WHAT IS BEING ASKED
Begin your copy at the line that holds "un album culte" and carry it through the final line of the data, writing out each line exactly and omitting pictures.

DATA
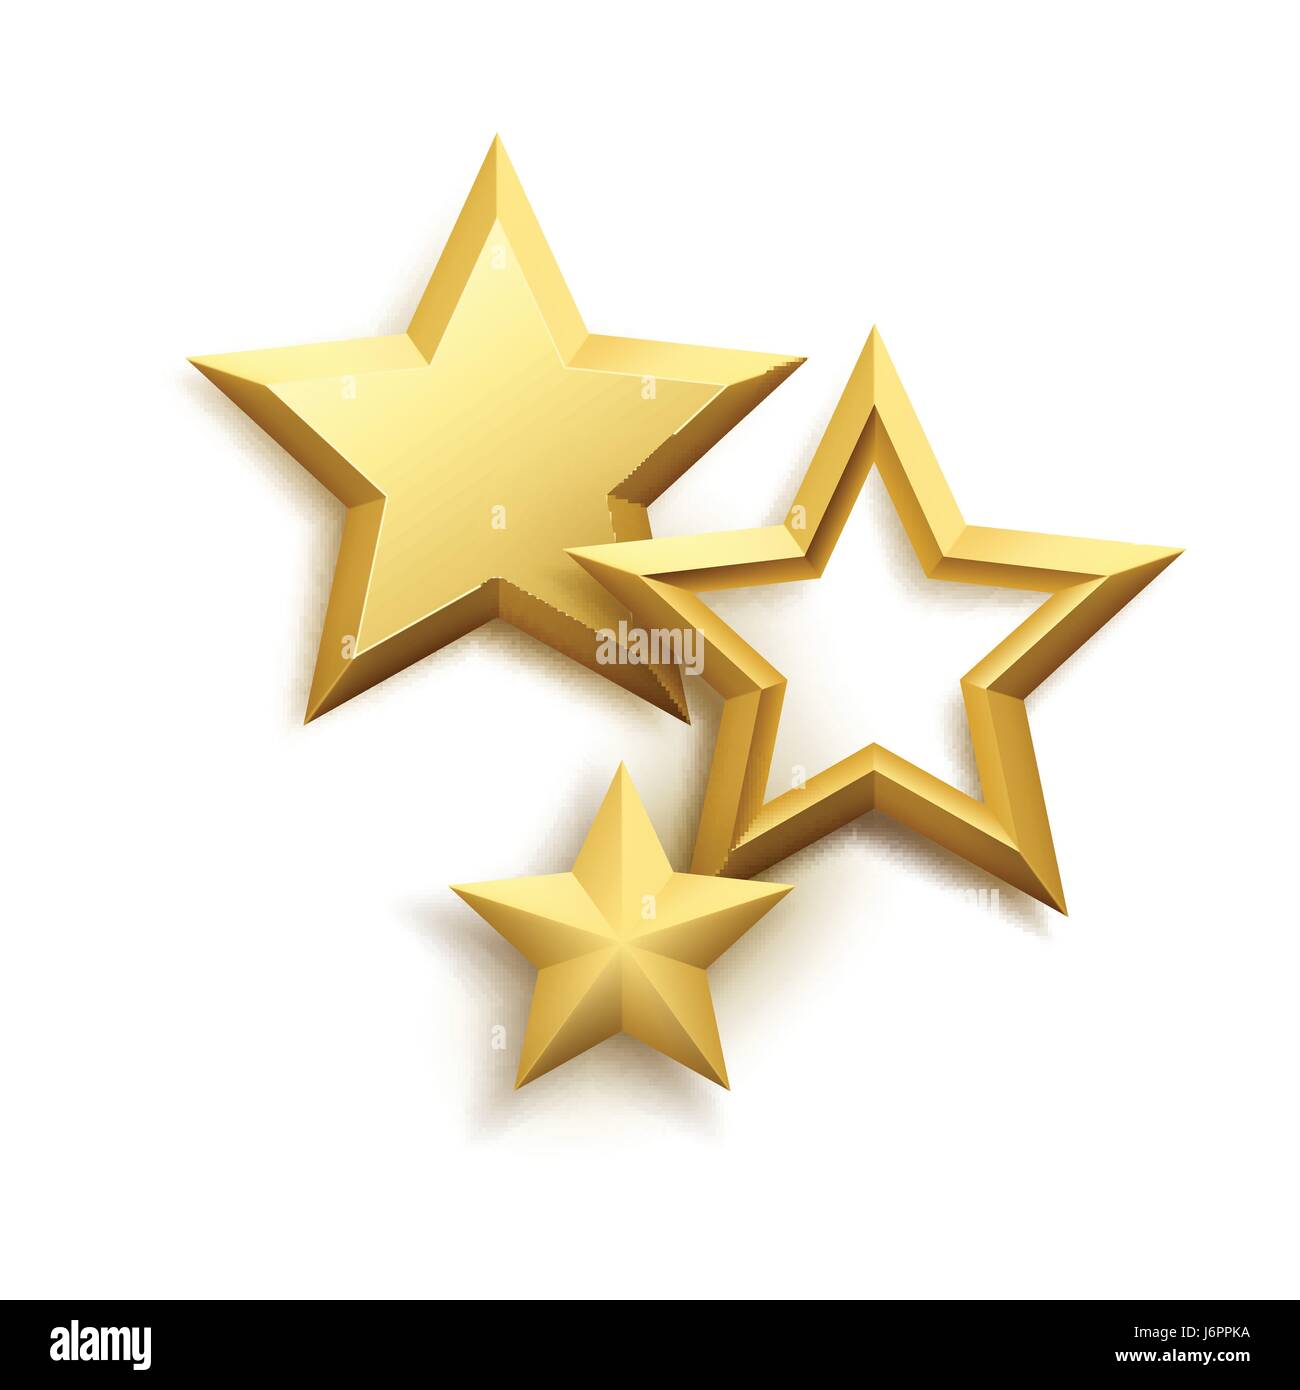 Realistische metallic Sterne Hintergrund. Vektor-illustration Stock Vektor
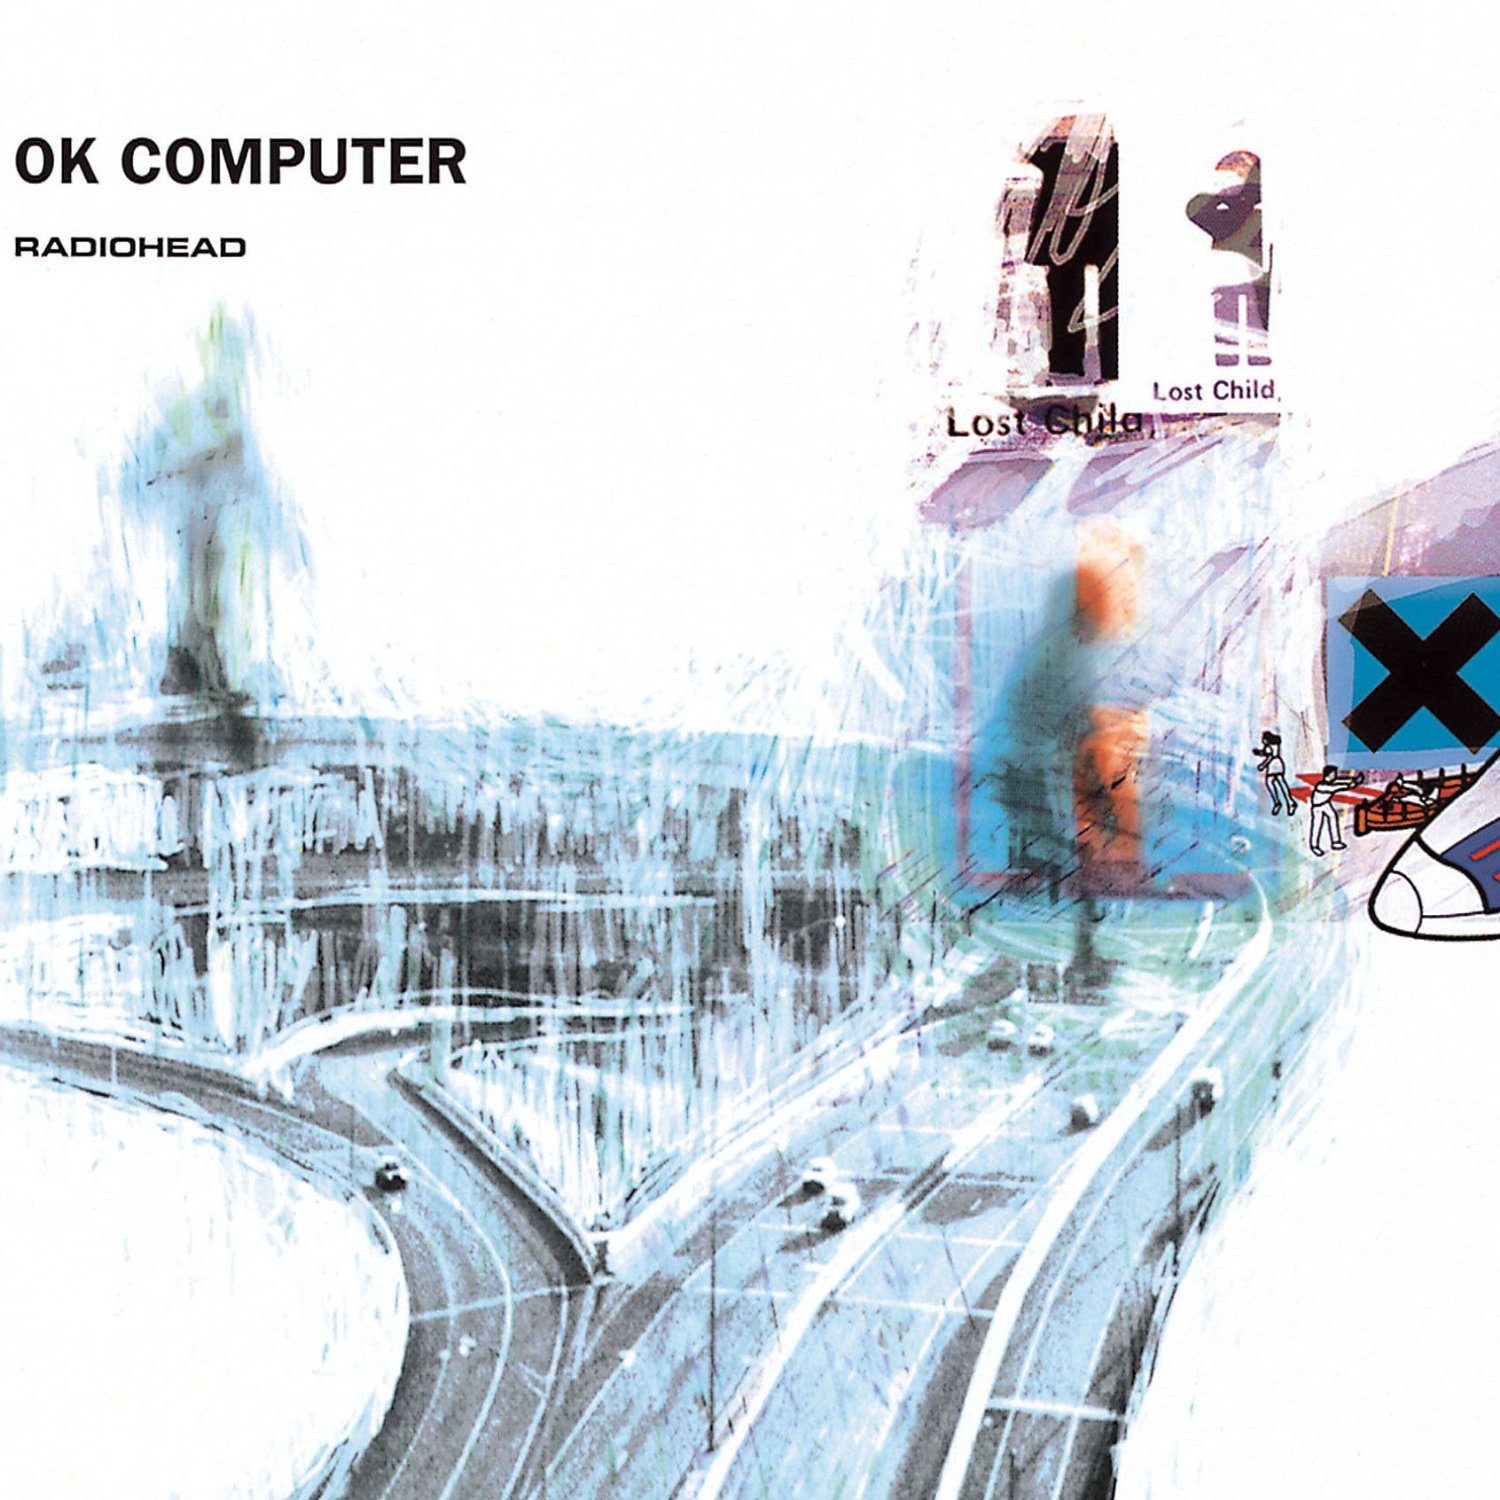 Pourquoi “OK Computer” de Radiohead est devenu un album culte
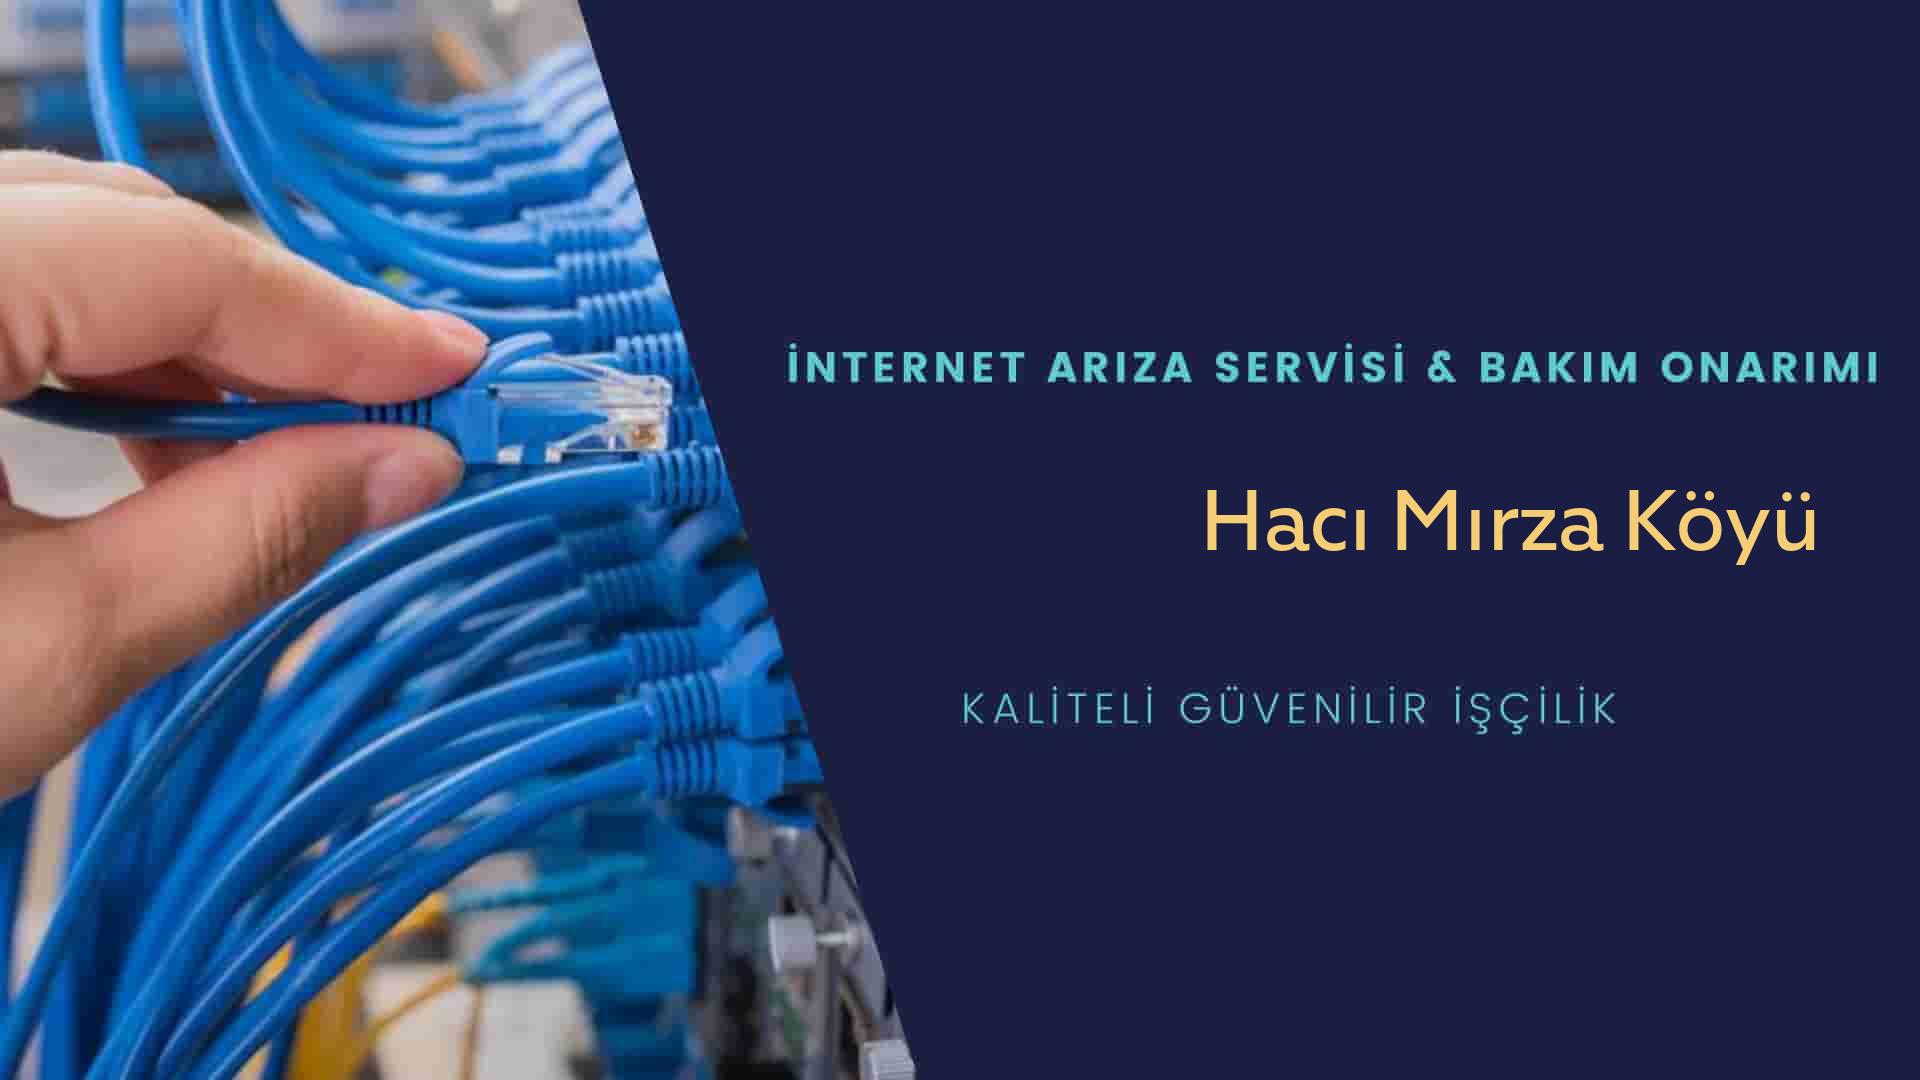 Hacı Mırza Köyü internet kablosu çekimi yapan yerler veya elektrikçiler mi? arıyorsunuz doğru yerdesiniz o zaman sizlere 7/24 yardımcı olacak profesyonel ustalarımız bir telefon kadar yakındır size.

RESPONSE AREA
 Pourquoi “OK Computer” de Radiohead est devenu un album culte
 Hacı Mırza Köyü internet kablosu çekimi yapan yerler veya elektrikçiler mi? arıyorsunuz doğru yerdesiniz o zaman sizlere 7/24 yardımcı olacak profesyonel ustalarımız bir telefon kadar yakındır size.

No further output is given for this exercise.